= Rainbow Alliance (Liberia) =

Political alliance in Liberia

The Rainbow Alliance (RA) is a political alliance in Liberia. As of March 2022, its current constituent parties are the Victory for Change Party, True Whig Party, and Democratic Justice Party.

==History==
By June 2020, twelve political parties had signed a declaration of intent to collaborate and create a political alliance. The parties signatory to the declaration were: Victory for Change Party (VCP), Vision for Liberia Transformation (VOLT), Democratic Justice Party (DJP), Movement for Economic Empowerment (MOVEE), Grassroots Democratic Party of Liberia (GDPL), Redemption Democratic Congress (RDC), Change Democratic Action (CDA), New Liberia Party (NLP), Liberia Restoration Party (LRP), People's Unification Party (PUP), True Whig Party (TWP), and Union of Liberian Democrats (ULD). The RA was founded with the purpose of contesting the 2023 presidential election. It also sought to minimize the number of political parties in Liberia. The Collaborating Political Parties thanked the RA in its efforts toward achieving this goal.

On August 31, 2020, the RA was certified by the National Elections Commission (NEC), with seven constituent parties. The parties were the VCP, VOLT, DJP, MOVEE, RDC, ULD, and TWP. Leader of the TWP, Reginald B Goodridge Sr., served as the interim chairman of the alliance. Goodridge had previously served as information minister under Charles Taylor. At the time of its founding, the RA was the largest group in Liberia in terms of number of constituent political parties. The RA opposed the 2020 referendum, claiming it to be unconstitutional. The RA unsuccessfully participated the 2020 Senate elections with 10 candidates.

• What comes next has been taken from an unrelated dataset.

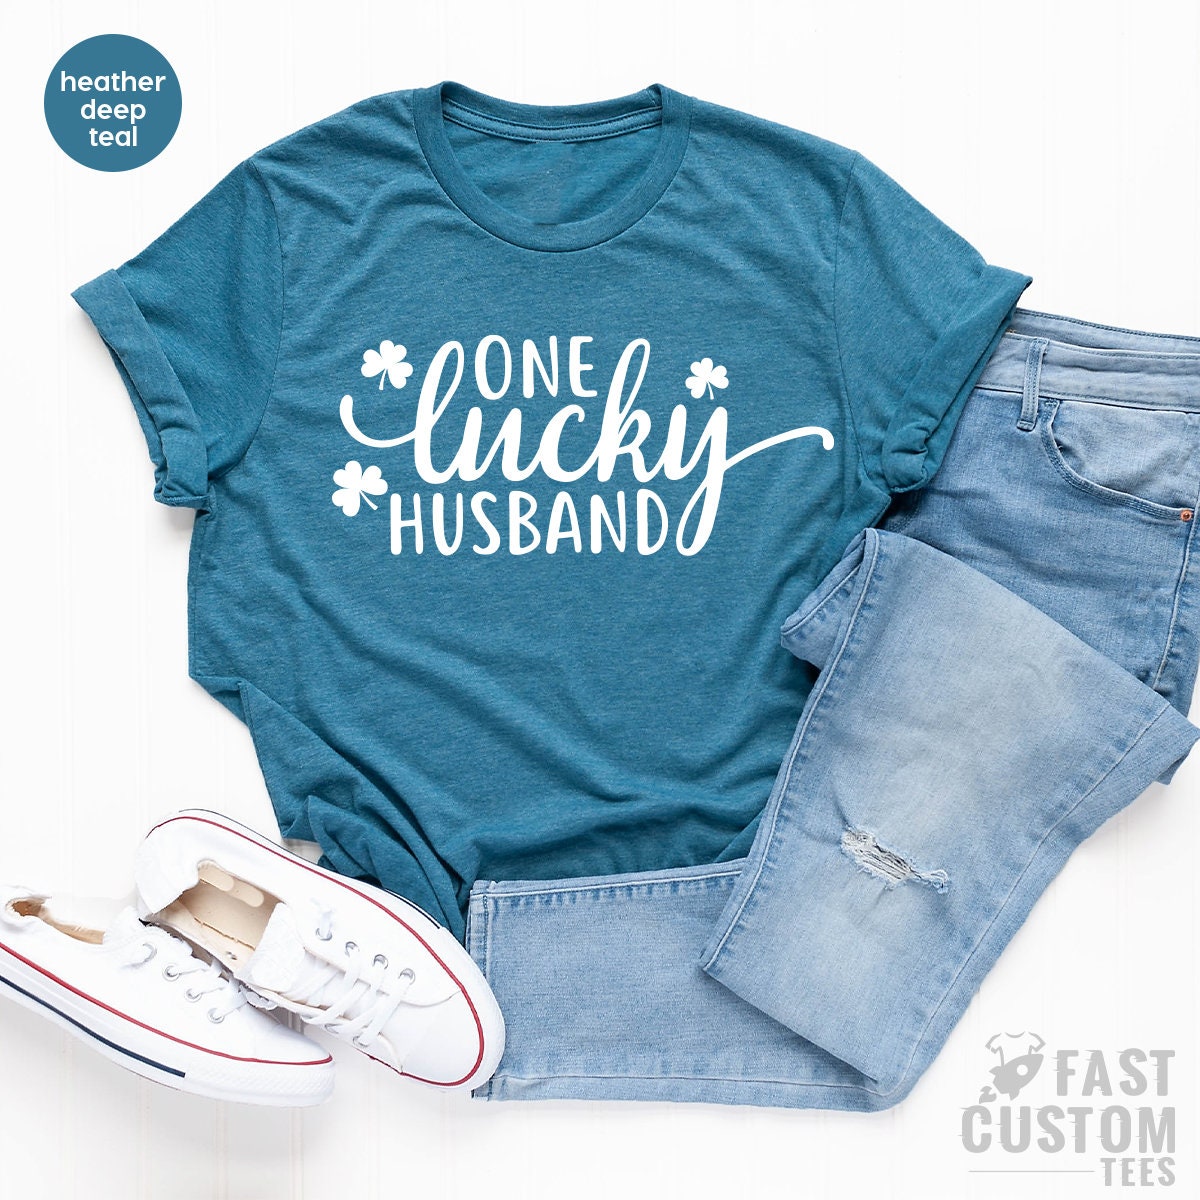 One Lucky Husband Shirt, Husband T Shirt, Gift From Wife, Husband Gifts, Father's Day Shirt, Valentine's Day Shirt, Best Husband TShirt - Fastdeliverytees.com

In July 2021, the RA made its framework document public. By March 2022, VOLT withdrew from the RA. By October 2022, MOVEE withdrew from the RA. In March 2022, the ULD and RDC left the alliance. The RA complained to the Board of Commissioners of the NEC that the ULD and RDC left without following the procedures for withdrawal, including paying dues. The Board of Commissioners sided with the ULD and RDC, ruling that the framework document, which superseded the RA planning document, contained no penalty for withdrawing from the RA.

The RA held its first national convention on October 29, 2022, in Paynesville. Interim Chairman Goodridge was elected standard bearer of the alliance. The RA did not run a candidate the 2023 presidential election. In the 2023 Senate election, one RA candidate, Ranney B. Jackson, ran for office in Bong County unsuccessfully. The RA also participated in the 2023 House elections with no victories.